Kate Middleton is 36 and just had her third royal baby.
I’m 36 and just had an almond I found in my sports bra.
Guess we’re both living the dream.
Me: When a door closes a window opens.
All dads: Close that damn window! I’m not trying to air condition the whole damn county! And turn off that light while you’re at it.
Kill me once, shame on you. That’s pretty much it.
*my cat meowing at my bedroom door for me to open it*
Meow meow meow meow meow meow meow meow
ME: *opens door*
You wanna come in?CAT: lol, no
My favorite romance novels begin with “Preheat oven to 350 degrees”
we planned to renew our vows but my wife got cold feet so we are just regular married still
Cavemen were like ‘kill two pterodactyls with one pstone’
You break into a petting zoo once, to try and brush a goat’s teeth…and all of a sudden you’re banned for life.
*sighs*
Me: *Getting dressed*
Husband: *throws pants on floor beside hamper* “Where are you going?”
Me: “Jail.”
“Can you explain this gap in your resume?”
Me: [sitting on a toadstool, blowing smoke rings] whooooo areeeee youuuuuu
A boy at school tells me I’m looking like a snack. I plead with him to take it back, but it is too late. My teachers huddle around me with a bloodthirsty look in their eyes.

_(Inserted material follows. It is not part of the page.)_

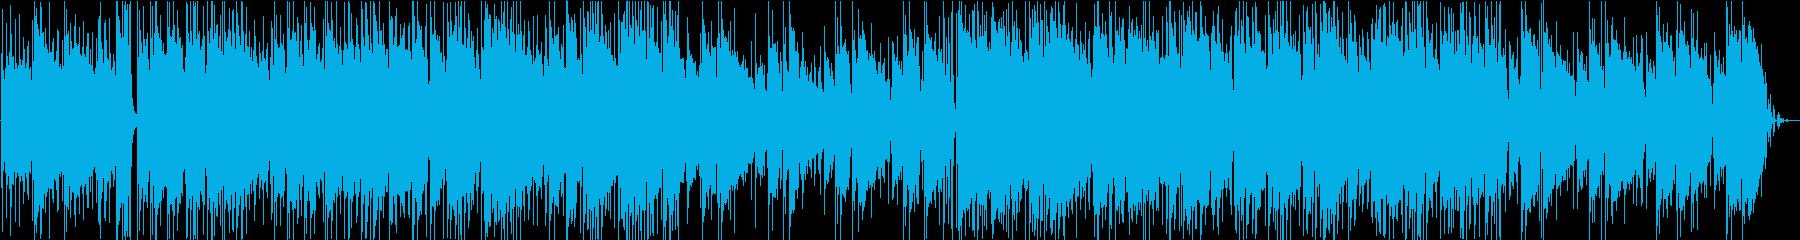 ほのぼのした雰囲気のギターソロの再生済みの波形
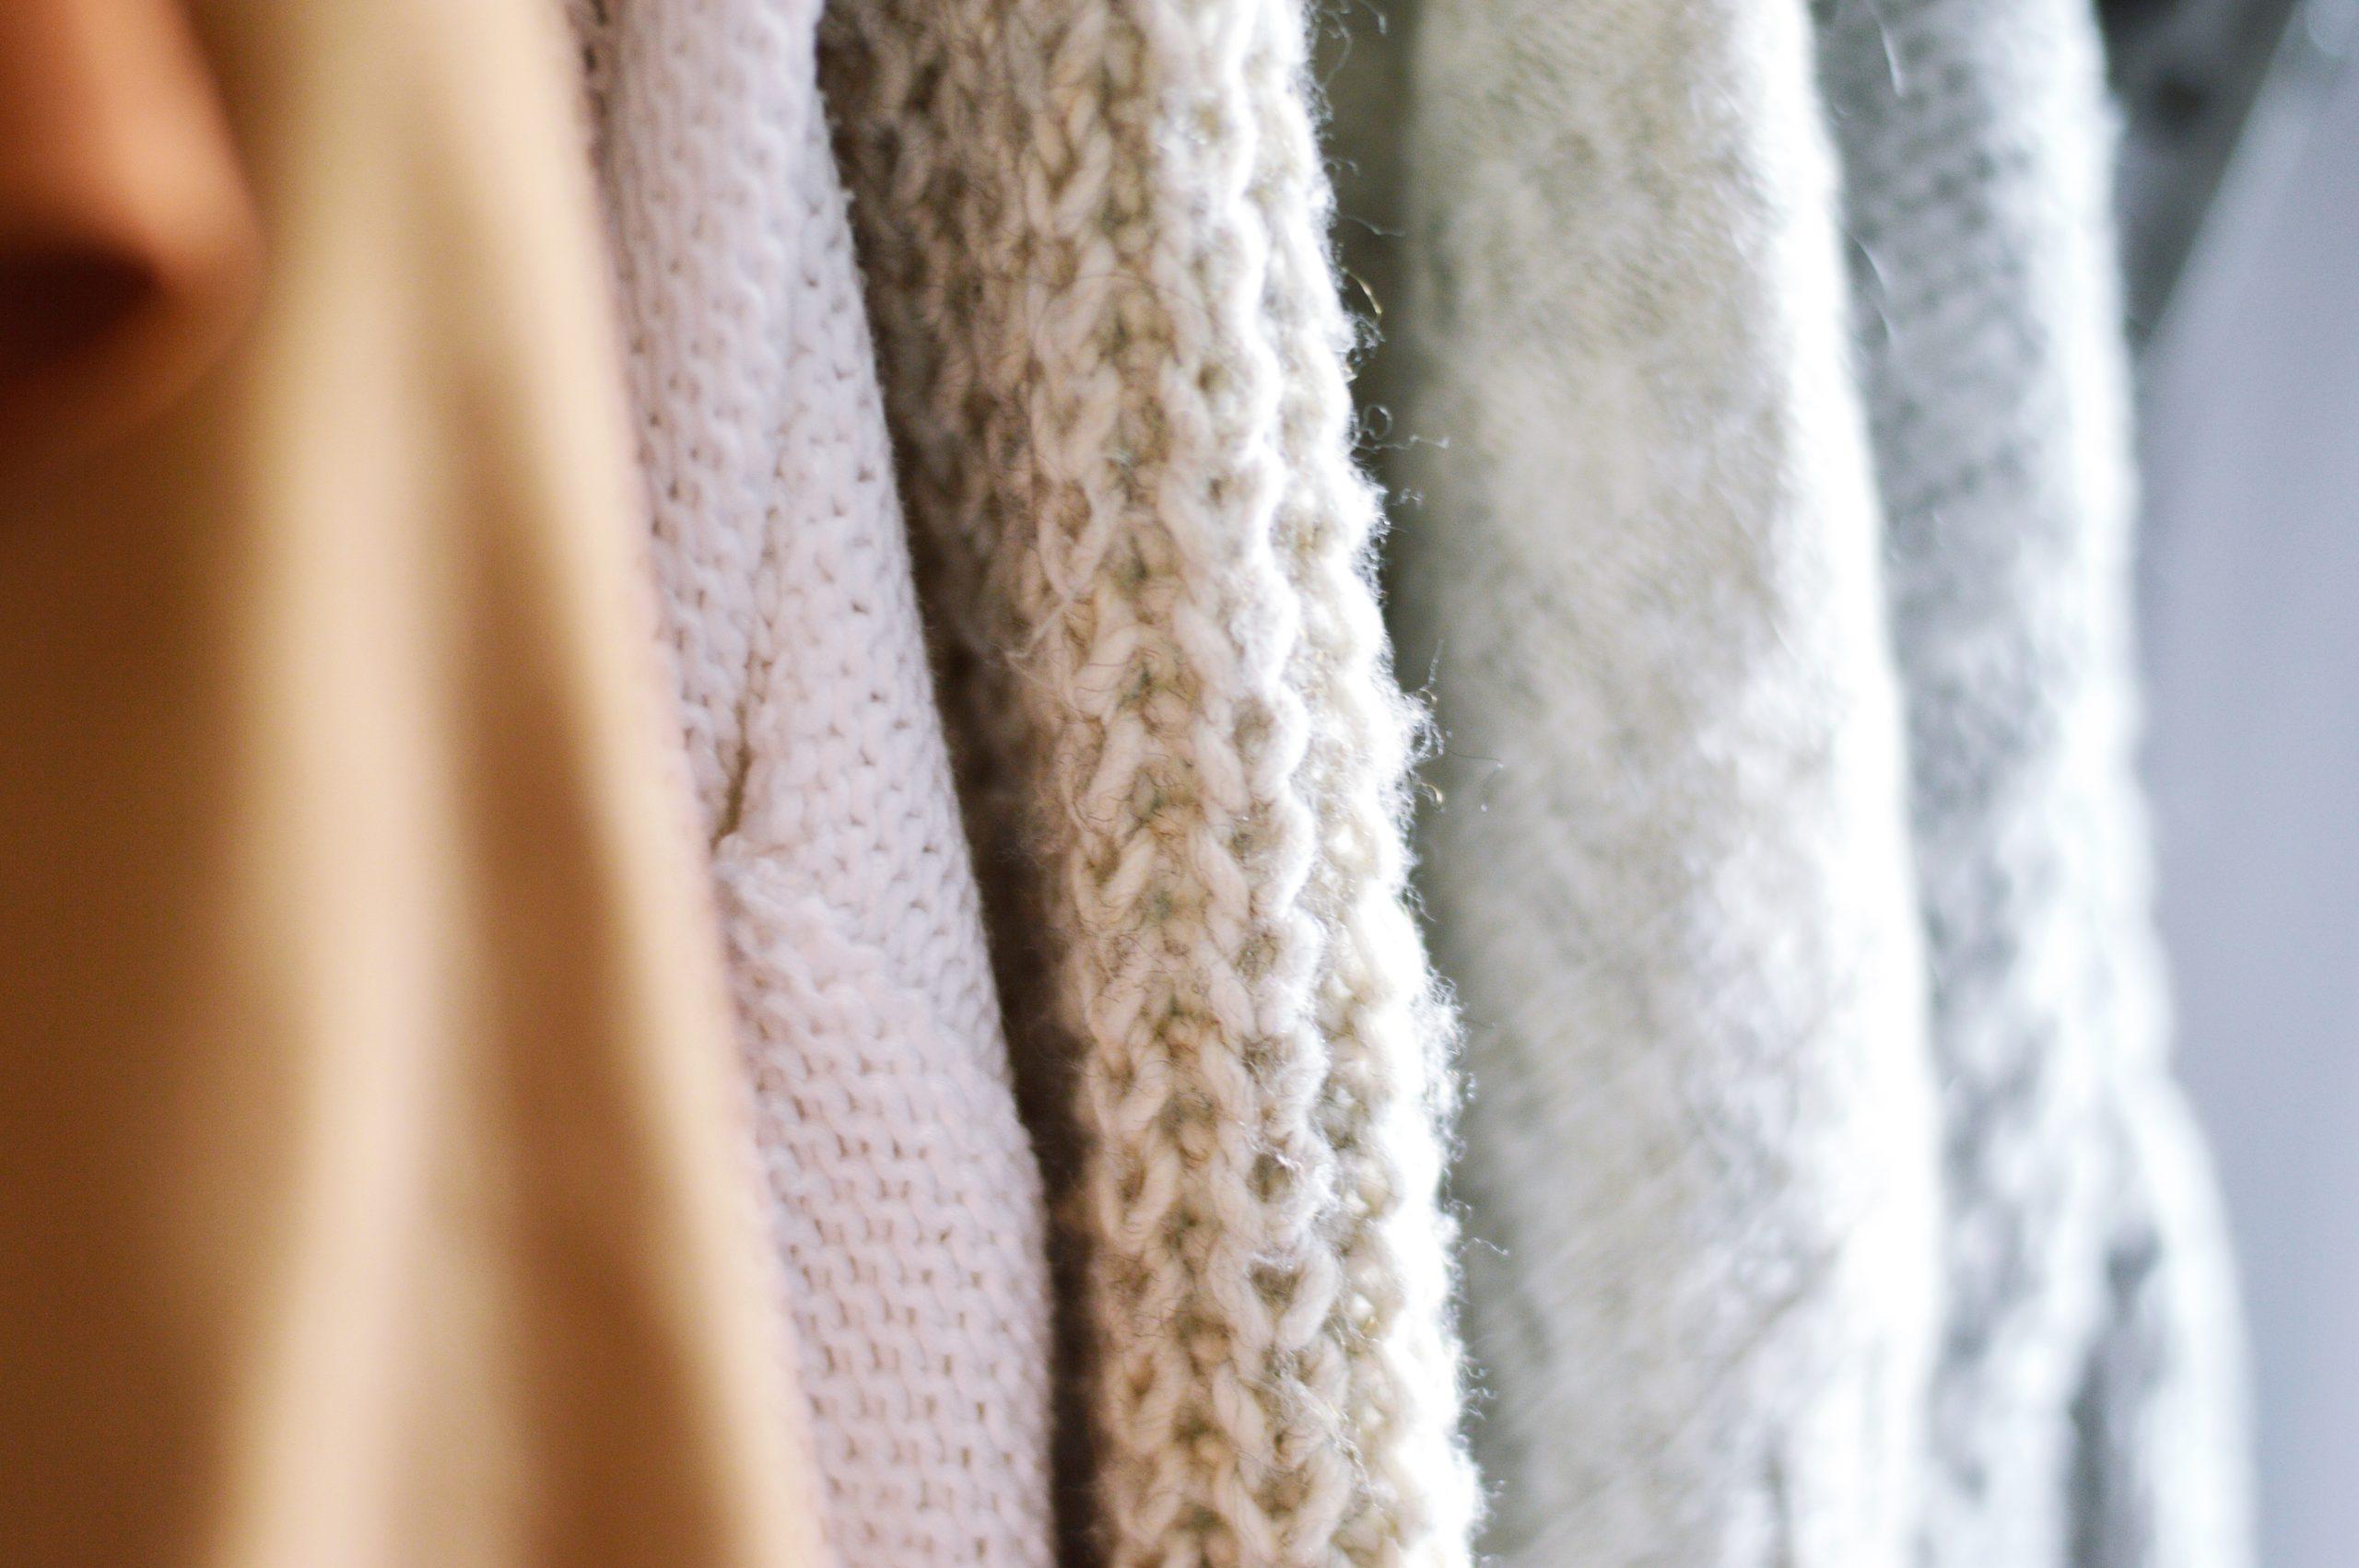 Conheça um pouco mais sobre tecidos ecológicos e sustentáveis

“D I D Y O U B R I N G E N O U G H
T O S H A R E”
Well well well, if isn’t the girl who gave me cooties in third grade…
website: select a security question
me: ok
website: make of first car
me: nah
website: mother’s maiden name
me: nope
website: the number of ducks you saw that one time in camp
me: bingo
Me: Time for bed, son. I don’t make the rules.
6: OK. But who makes the rules?
Me:
6:
Both of us: Mom.
I got my ID out today to buy wine and the woman in the shop said “it’s ok I don’t need to see it”. It’s fine…I’m fine
Statistics show that the average person has sex 89 times a year….looks like I’m in for a flipping wild December
Therapist: Okay, let’s go over this one more time
Me: This really isn’t helping with my fear of bridges
Pediatrician: They’re only getting two hours of screen time a day, right?
Me: HAHAHAHA! I mean, yes.
Me: spreads bacon grease on my toast
Also me: how did I gain weight this week?
I’m only human — unless I have to figure out a captcha, then I am unable to prove that I am a human.
if i ever call you after we haven’t spoken in a while saying that i “just wanted to say hi” know that you probably died horrifically in my dream last night
*receives text from wife
“I’m done”
Ok. I’ll have my lawyer call yours.
“I meant work”
Ok. Cool.
I don’t think some women realize just how handsome my mom says I am.
Of all of the profound disappointments that I have faced in my life, be they personal or professional, none is more firmly fixed in my mind, nor more likely to have caused my deeply-rooted trust issues, than the discovery at age four that Play-Doh doesn’t taste the way it smells.